After the European Parliament voted down a proposal to prop up its flagship emissions trading scheme (ETS), most observers finally admitted what has been obvious for a while: the program is contributing little to accelerating the decarbonization of the European economy. However, a few eternal but confused optimists see the program as working just fine. Here are a few thoughts in response to that bit of pushback.
Carbon dioxide emissions are the consequence of economic activity and the technologies that we use to produce and consume energy. We measure technological progress with respect to emissions reductions by a decline in the ratio of emissions to economic activity (GDP), called decarbonization.
To achieve aggressive emissions reductions goals – such as a 80 percent reduction by 2050 – requires annual rates of decarbonization of 5 percent or greater. This figure provides a baseline against which to think about the performance of actual policies.

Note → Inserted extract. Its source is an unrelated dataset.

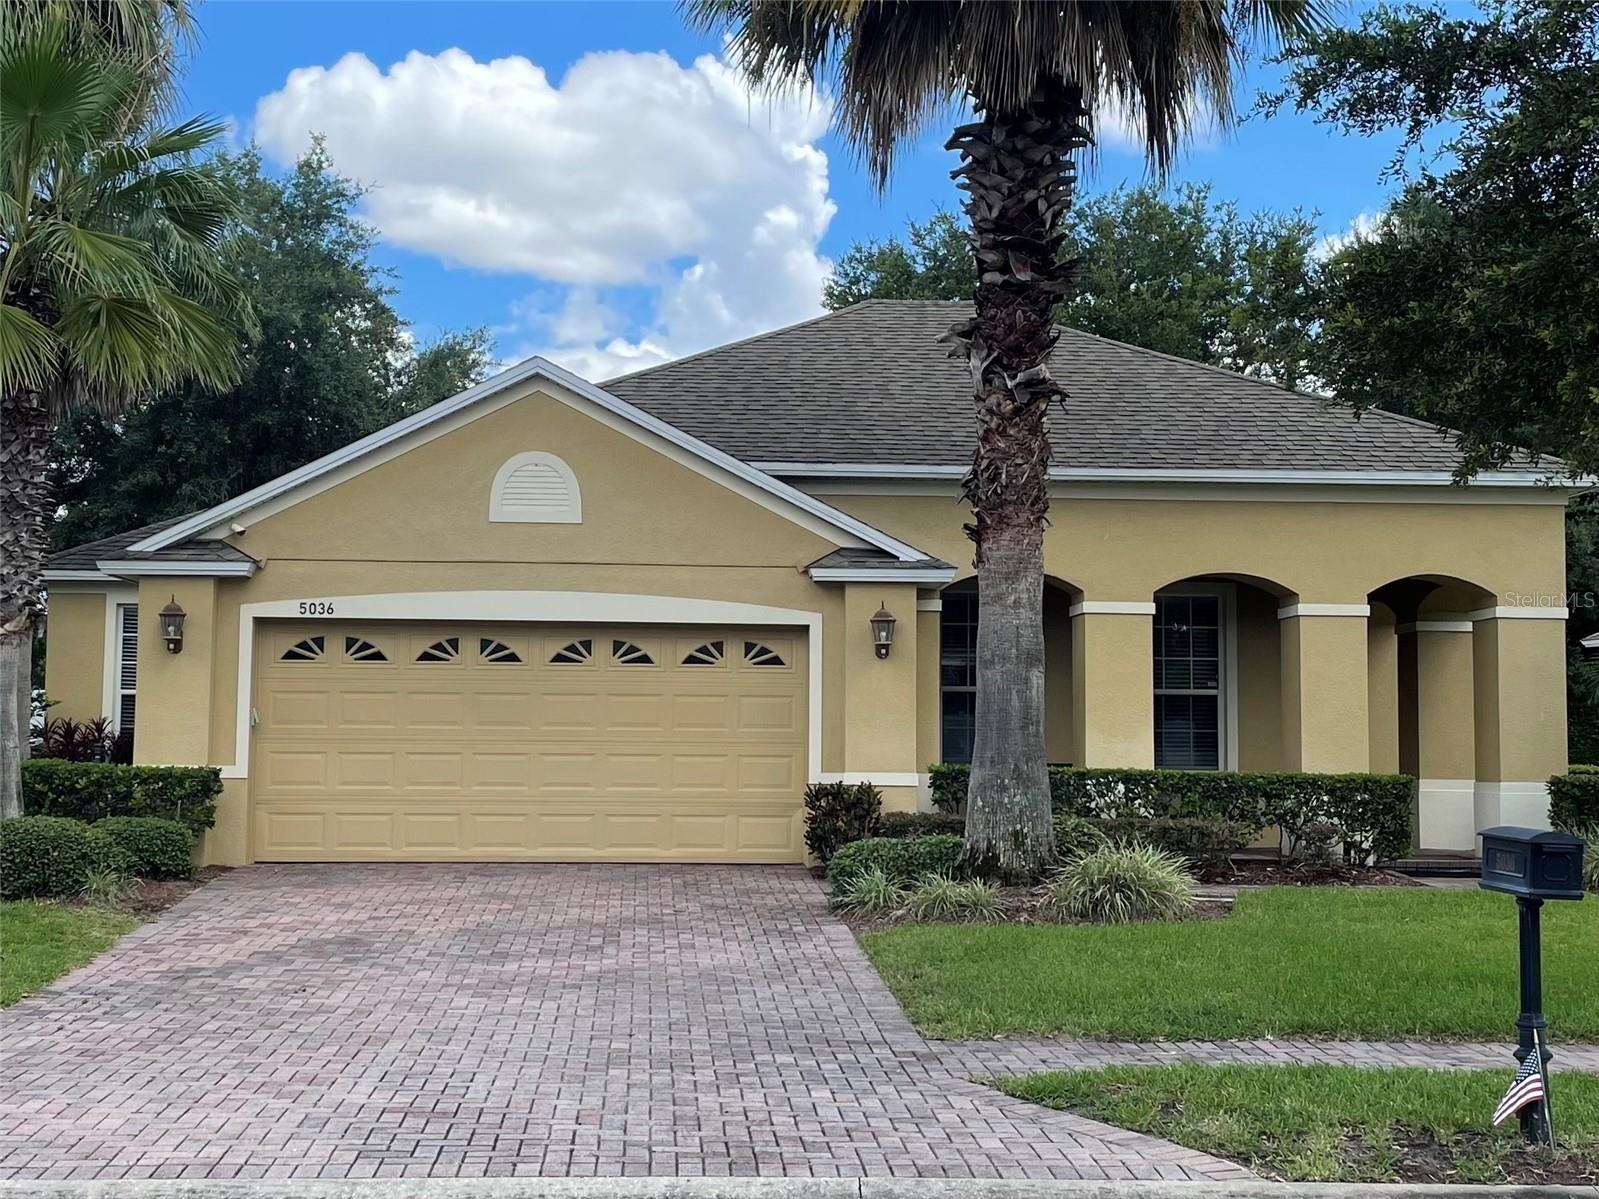 5036 LEGACY OAKS DRIVE, Orlando, FL 32839 - #: A4507296

The European Union ETS was created to put a price on carbon so that industry would factor that price into its decision making. It is the price that does the work in a cap and trade system for emissions reduction. The cap and the trading set the price, and the price creates incentives for innovation in energy consumption and production. The EU explains: “The market price of allowances — the 'carbon price' – creates a greater incentive the higher it is.”
Conversely, there is a low incentive for innovation with a low market price. For those interested in accelerating the decarbonization of the economy, the collapse of the price of carbon under the ETS is prima facie evidence of the program's ineffectiveness.
At the same time, price is the program's Achilles’ heel. While people in Europe and around the world have shown a willingness to pay a bit more for energy in support of environmental goals, that willingness has its limits. This reality – what I've called an iron law – means that efforts to motivate innovation through raising the price of energy are ultimately doomed to fail.
There is some evidence that the ETS has simply put a price on business as usual. In The Climate Fix, I showed that Europe's rate of decarbonization was essentially identical before and after the ETS was introduced. If the program has effects, decarbonization has not been detectable beyond historical business-as-usual rates.
The figure above, based on data from the US Energy Information Agency, shows the comparative performance of the United States and the EU-27 with respect to overall emissions and emissions intensity (C/GDP) since 2000. Both the United States and the EU reduced aggregate emissions by 6.4 percent from 2000 levels and the United States improved its carbon intensity by a slightly larger amount (21 percent vs. 19.5 percent). The similarity of the reductions indicate that, whatever impact the EU ETS has had, the United States achieved similar results with no carbon market (and some might argue, with no climate policy at all).
With the United States and the EU averaging ~2 percent per year since 1990, it is ironic to see otherwise committed environmentalists acting as apologists for the EU ETS. The uncomfortable reality is that no policies have been put in place anywhere in the world that have indicated an ability to accelerate rates of decarbonization to levels approaching 5 percent per year. This includes the EU ETS. If greater progress is to be made, debate will have to move beyond carbon pricing and the relative success or shortfalls of the EU ETS.